__Supplied material__:

- - -

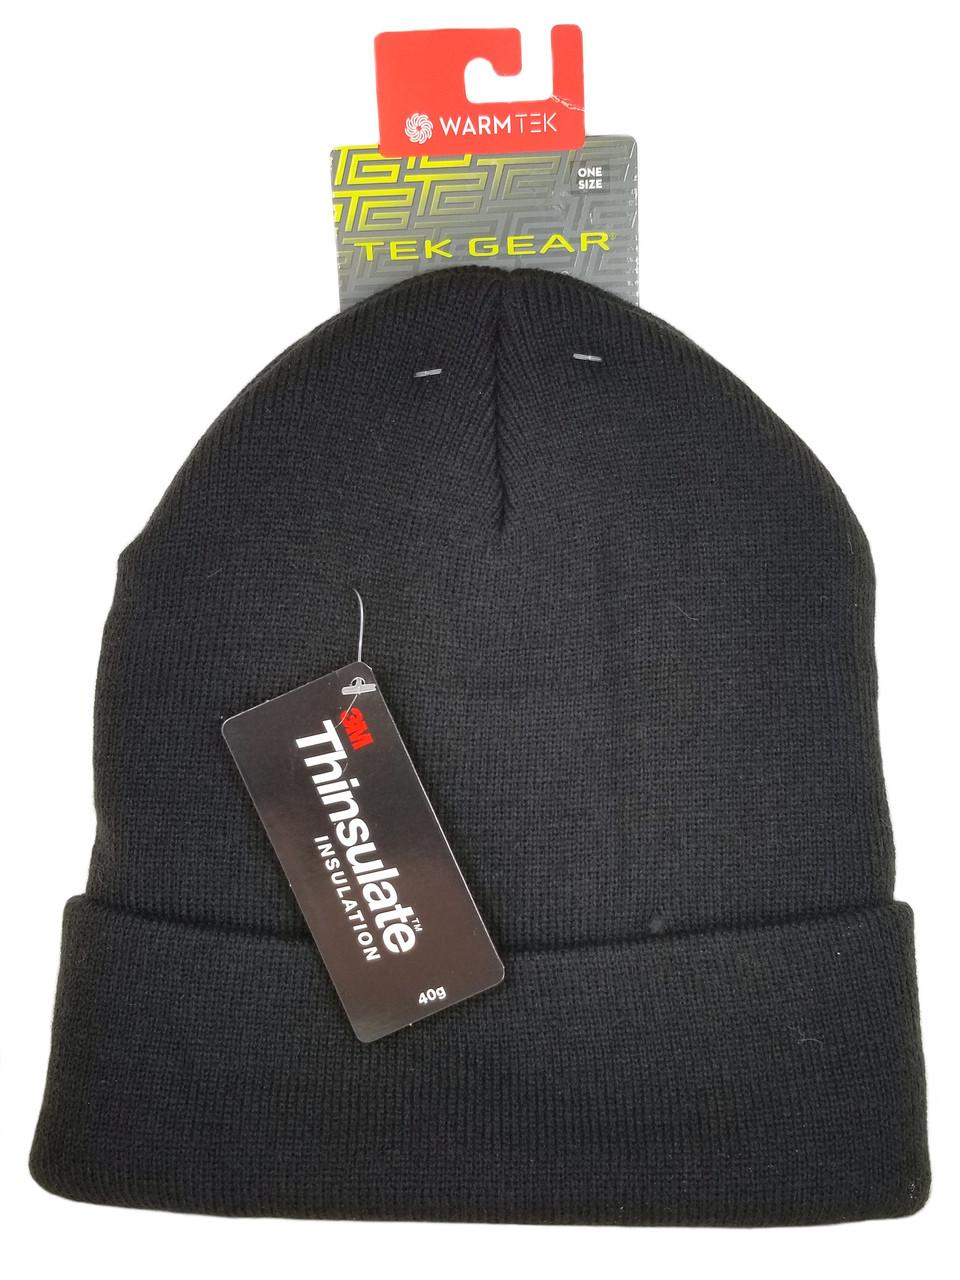 767f6ab8c9a Tek Gear Knit Watchcap Beanie - Black - Black Mountain Supply
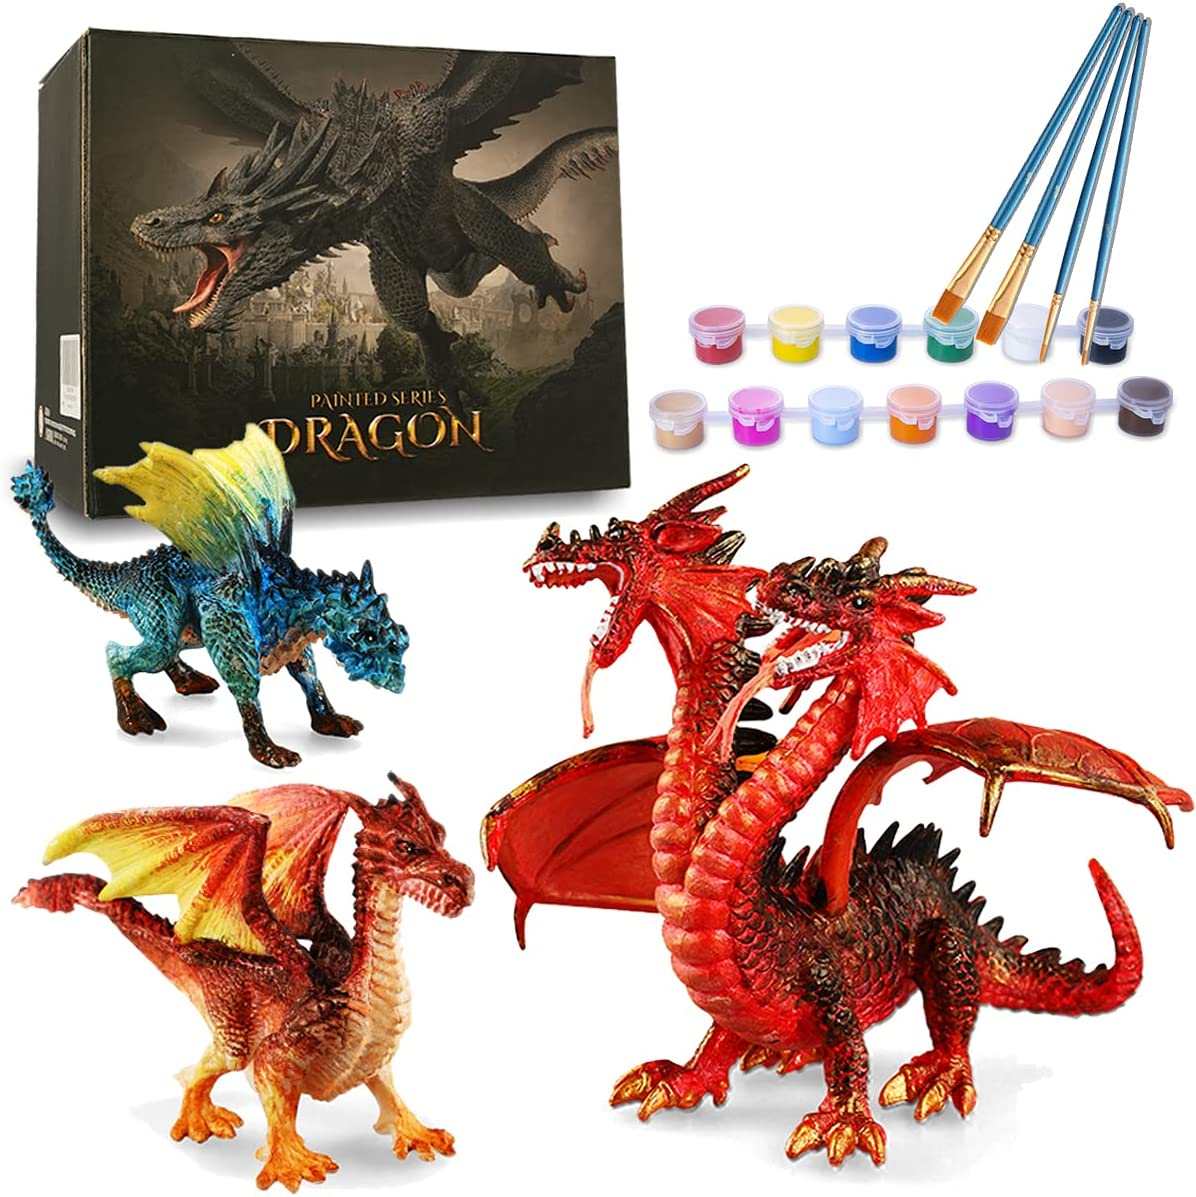 23. DIY 3D Dragon Painting Craft Kit
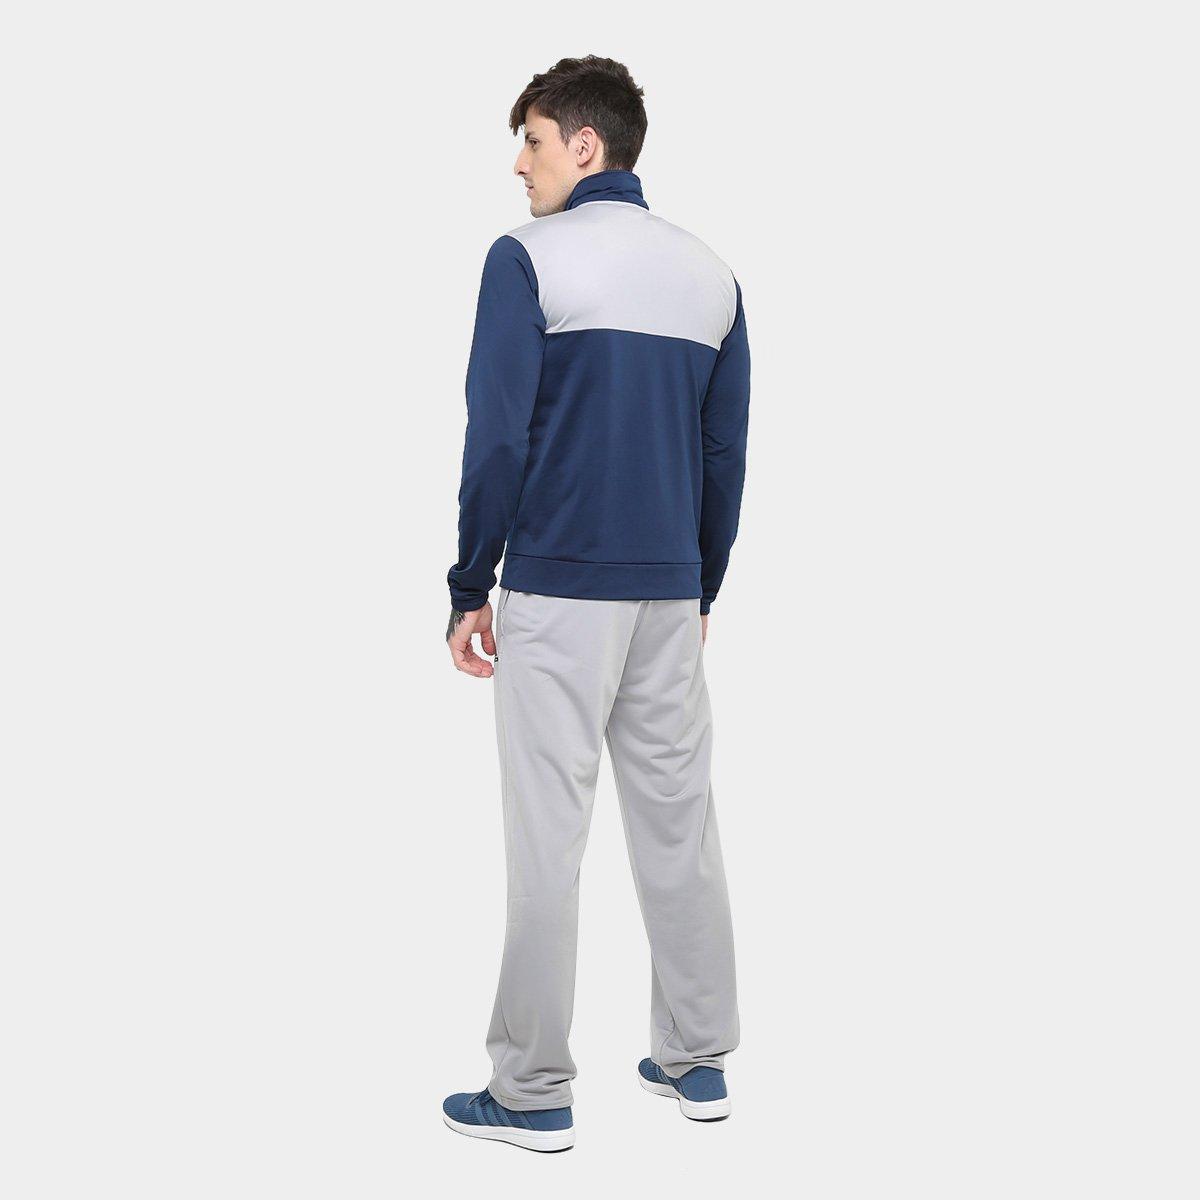 Agasalho Adidas Back 2 Basics Masculino - Marinho e Cinza - Compre ... 9bd62f0fcedcd

- - -

__Task prompt__: Retype the listing exactly. Leave the pictures out.

__Solved exercise__:
 767f6ab8c9a Tek Gear Knit Watchcap Beanie - Black - Black Mountain Supply
 23. DIY 3D Dragon Painting Craft Kit
 Agasalho Adidas Back 2 Basics Masculino - Marinho e Cinza - Compre ... 9bd62f0fcedcd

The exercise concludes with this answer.